Sloan filed a claim against Liberty for payment pursuant to the surety bond. Id. at 177. Liberty denied any payment obligation under the premise that Paragraph 6.f of the subcontract contained a provision that conditioned Sloan’s right to payment on IOC’s payment to Shoemaker (a pay-if-paid clause). See id. Therefore, Sloan was not entitled to payment since Shoemaker never received payment from IOC. Id. The United States District Court for the Eastern District of Pennsylvania entered partial summary judgment for Sloan, rejecting Liberty’s view of the contract. Id. at 178.

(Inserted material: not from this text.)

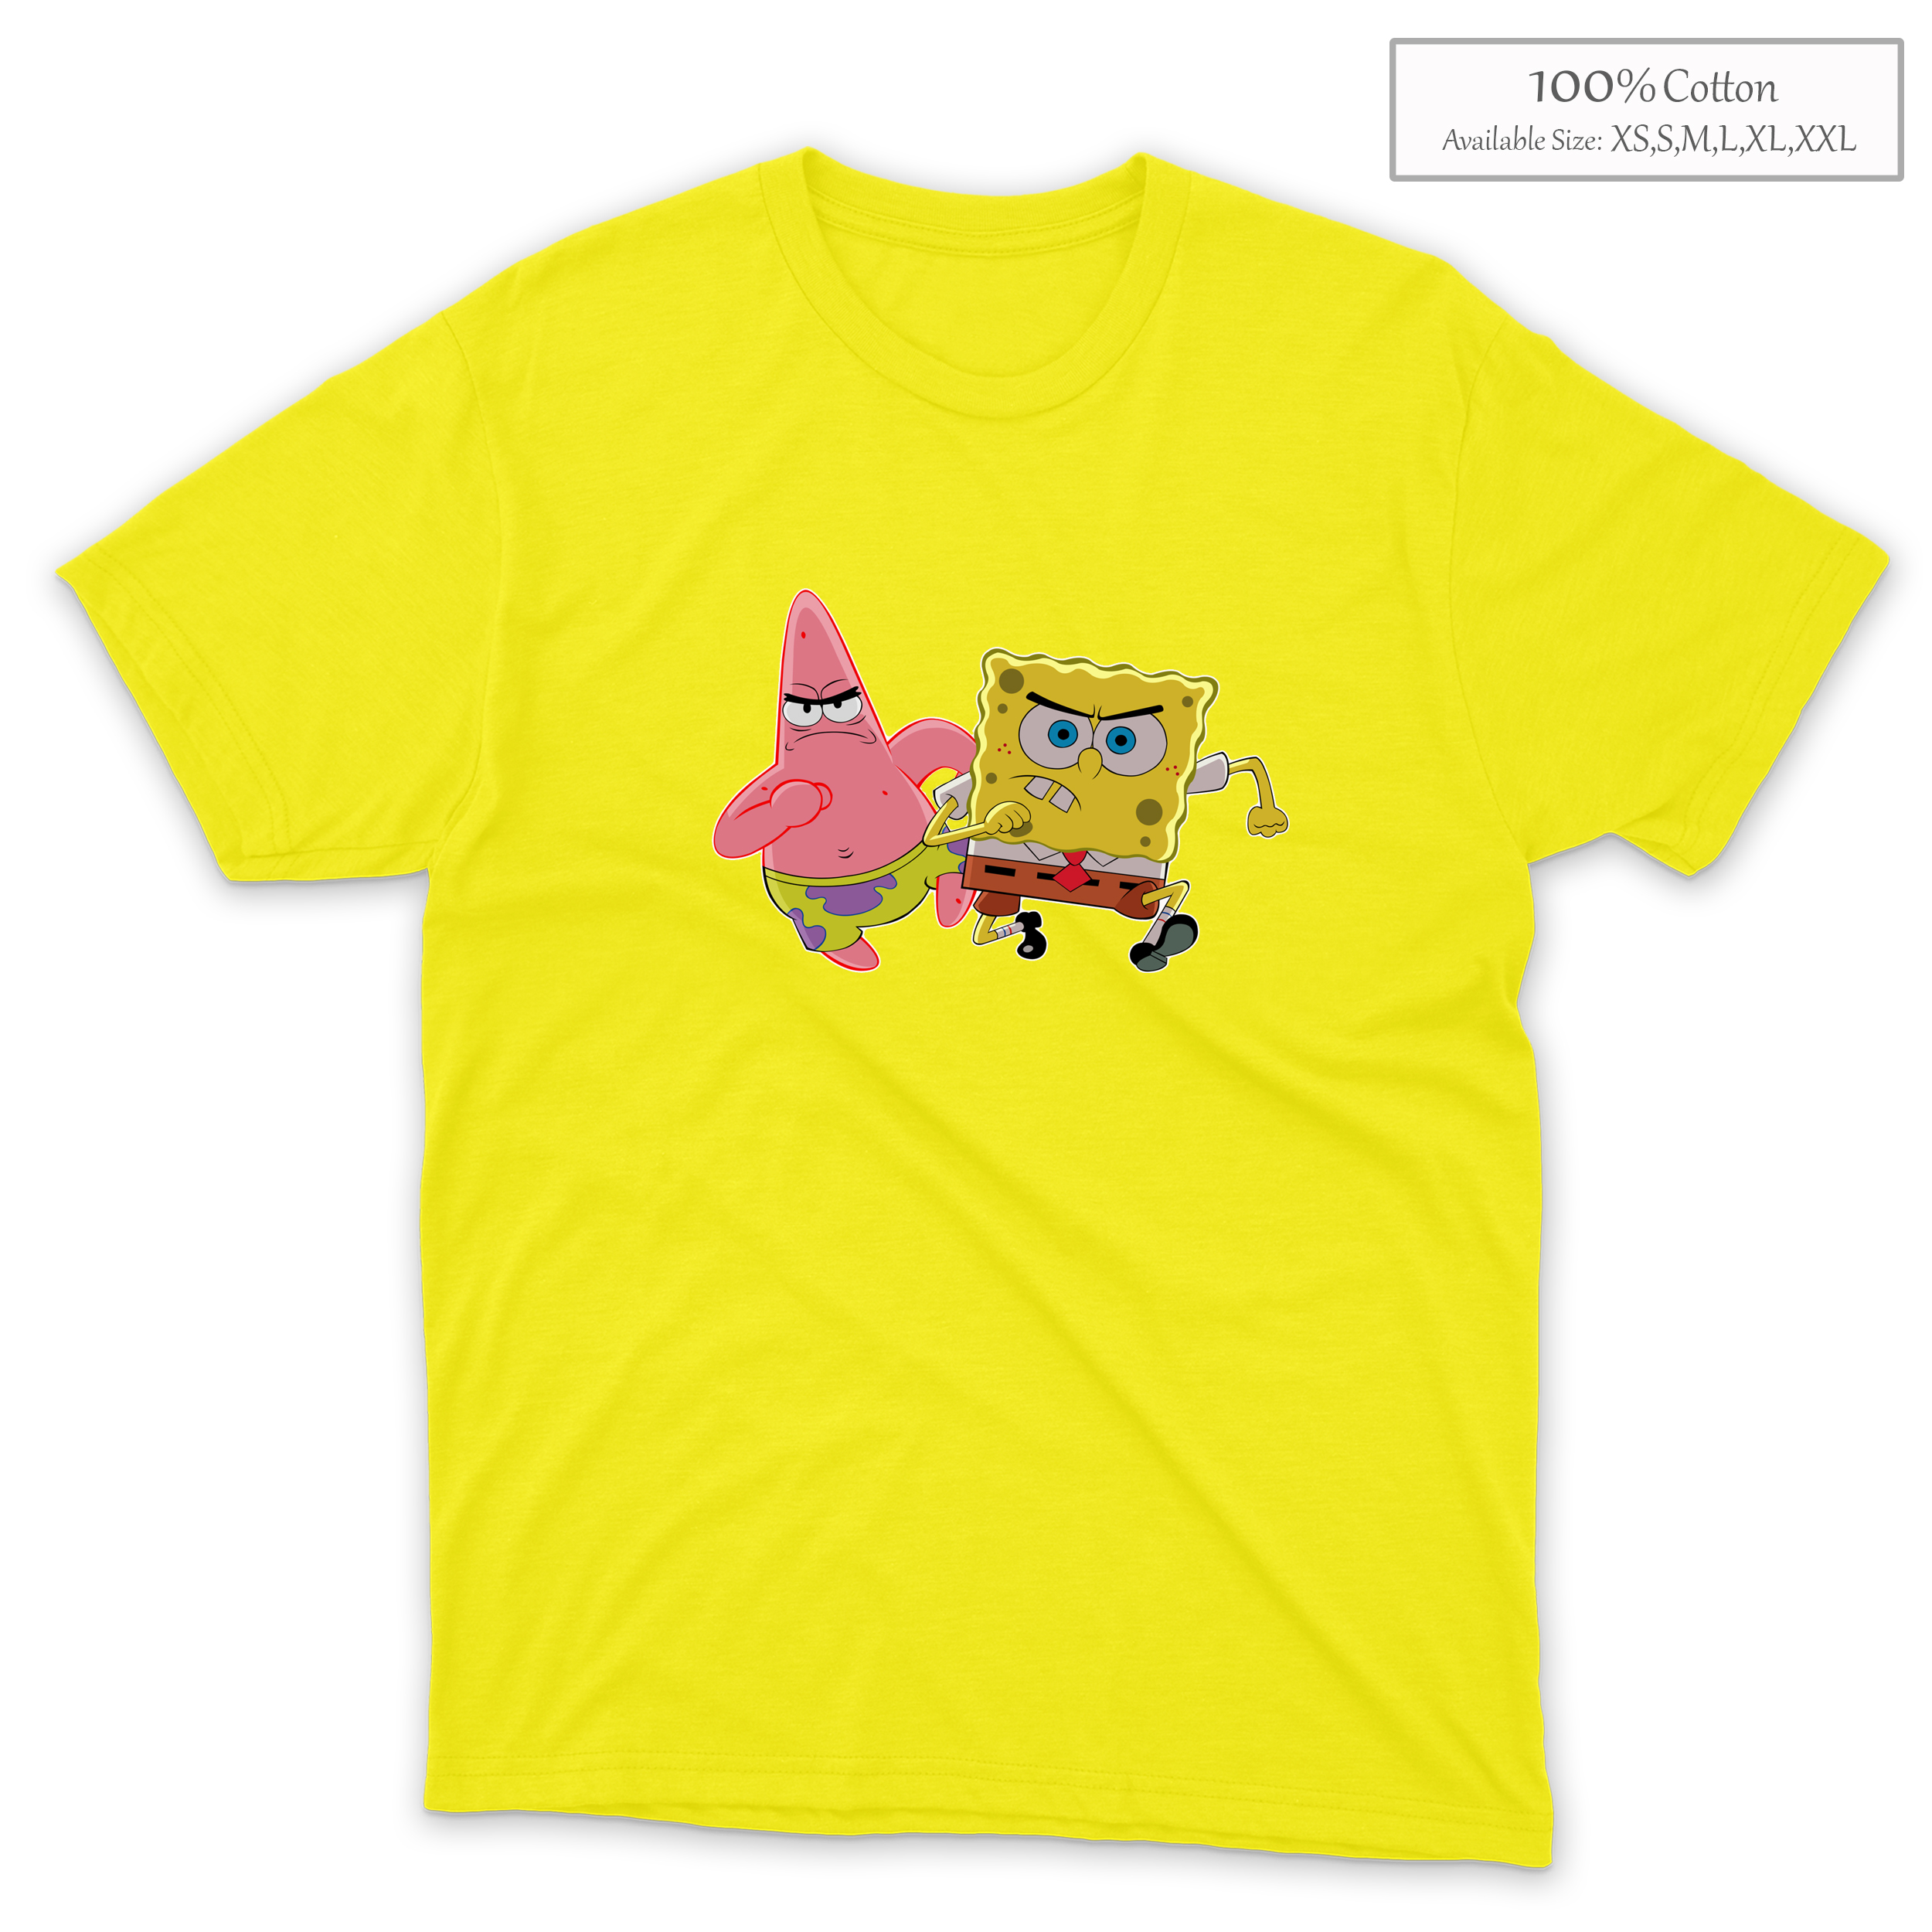 Cartoon Spongebob Squarepants Patrick Star Shirts (C10) | Lazada PH

The dispute here centered on the interpretation of Paragraph 6.f of the subcontract, which dealt with final payment. The first subparagraph provided: ‘Final payment shall be made within thirty (30) days after the last of the following to occur, the occurrence of all of which shall be conditions precedent to such final payment . . .’ Id. at 179. There were seven (7) conditions precedent, one of which was that ‘[IOC] shall have accepted the Work and made final payment thereunder to [Shoemaker].’ Id. Another provided that Shoemaker “shall have received final payment from [IOC] for [Sloan’s] work.’ Id.

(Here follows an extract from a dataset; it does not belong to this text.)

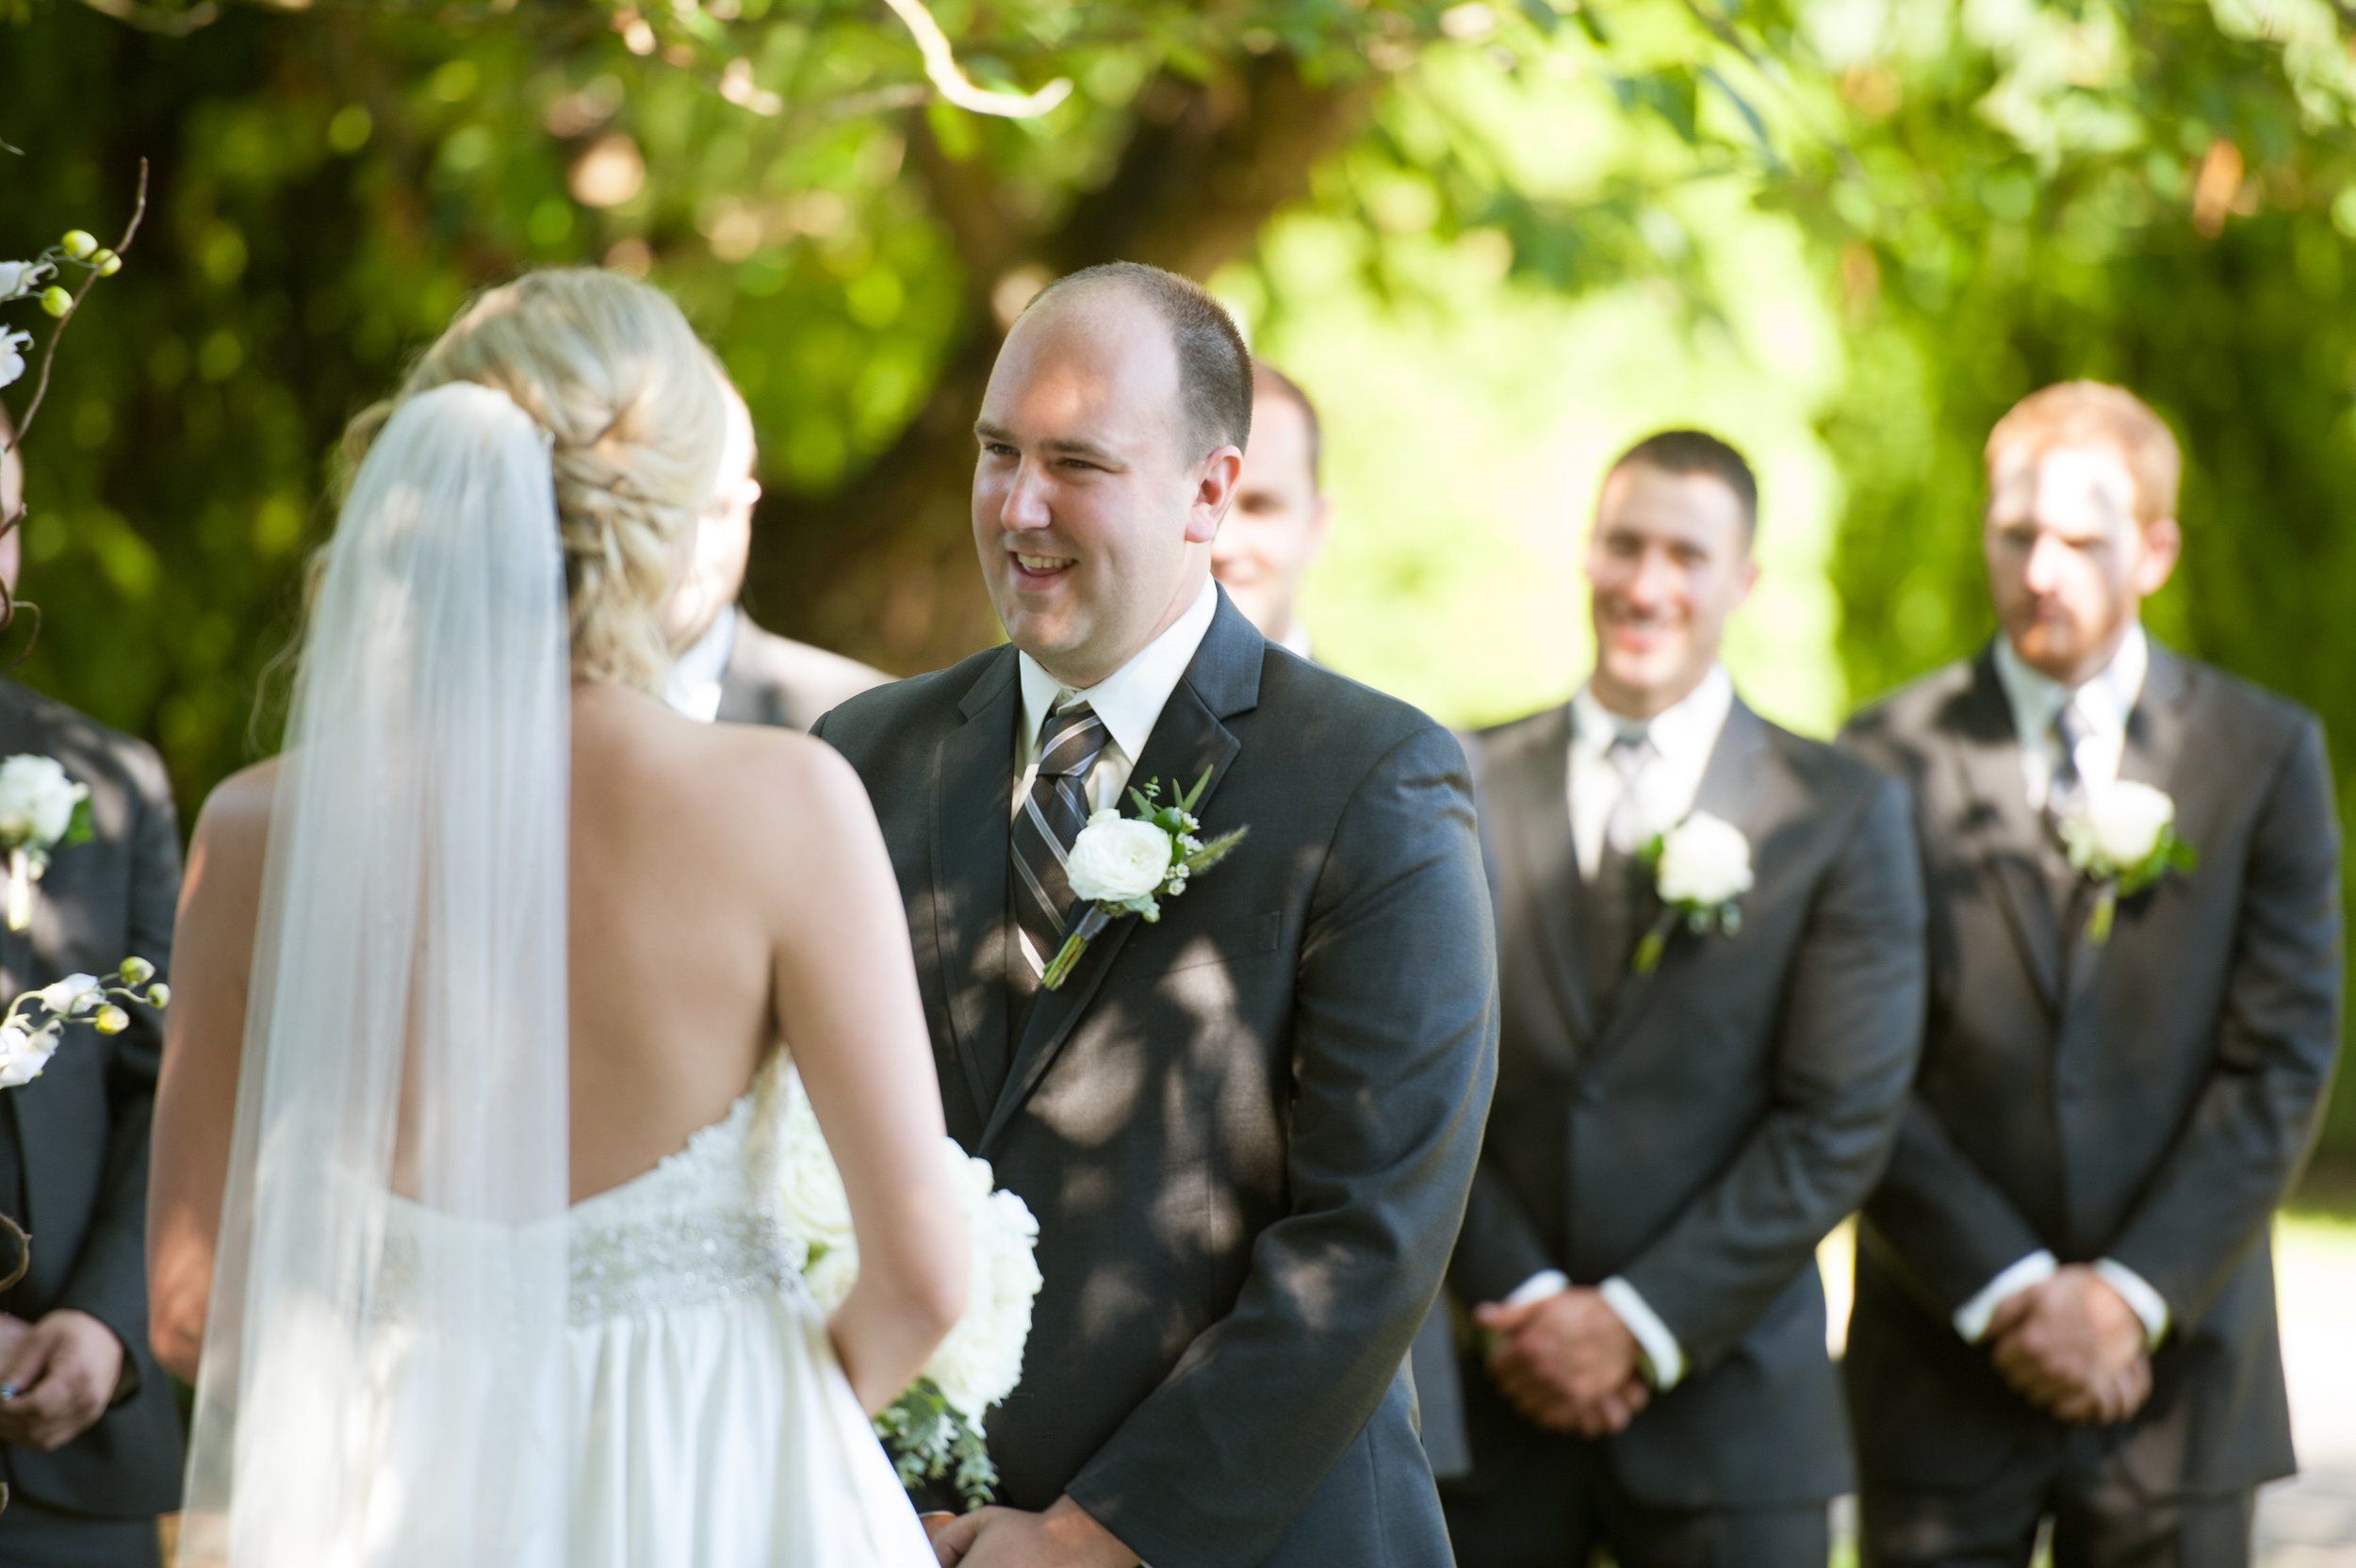 RyanMichelle-wedding-MarkBurnham-256.jpg

Paragraph 20’s liquidating provision in the subcontract further clarified the extent of Shoemaker’s responsibility for payment to Sloan:
“In the event [Sloan] asserts a claim for payment of the Subcontract Sum or a portion therof . . . and in the event that [Shoemaker] in its sole, exclusive and arbitrary discretion submits said . . . Claim to [IOC] . . . for a decision or determination, then all decisions and determinations made by [IOC] or its representative shall be binding upon [Sloan] even though [Sloan] may not be a party thereto.”
Id. at 182.
When Liberty appealed the United States District Court for the Eastern District of Pennsylvania’s judgment, the Third Circuit was satisfied that the contract stipulated a pay-if-paid compensation policy for Sloan. See id. at 184. The Third Circuit concluded that “Paragraphs 20 and 6.f create a mechanism for passing through Sloan’s remaining claims for final payment and peg Sloan’s recovery to the amount that Shoemaker receives from IOC for Sloan’s work.” Id. Sloan, therefore, received a proportional/pro rata share of the recovery Shoemaker gained from its separate lawsuit against IOC rather than receiving the full balance it was owed under the contract. See id.
The lesson here for subcontractors is to be aware of the pay-if-paid issue when drafting the subcontractor agreement.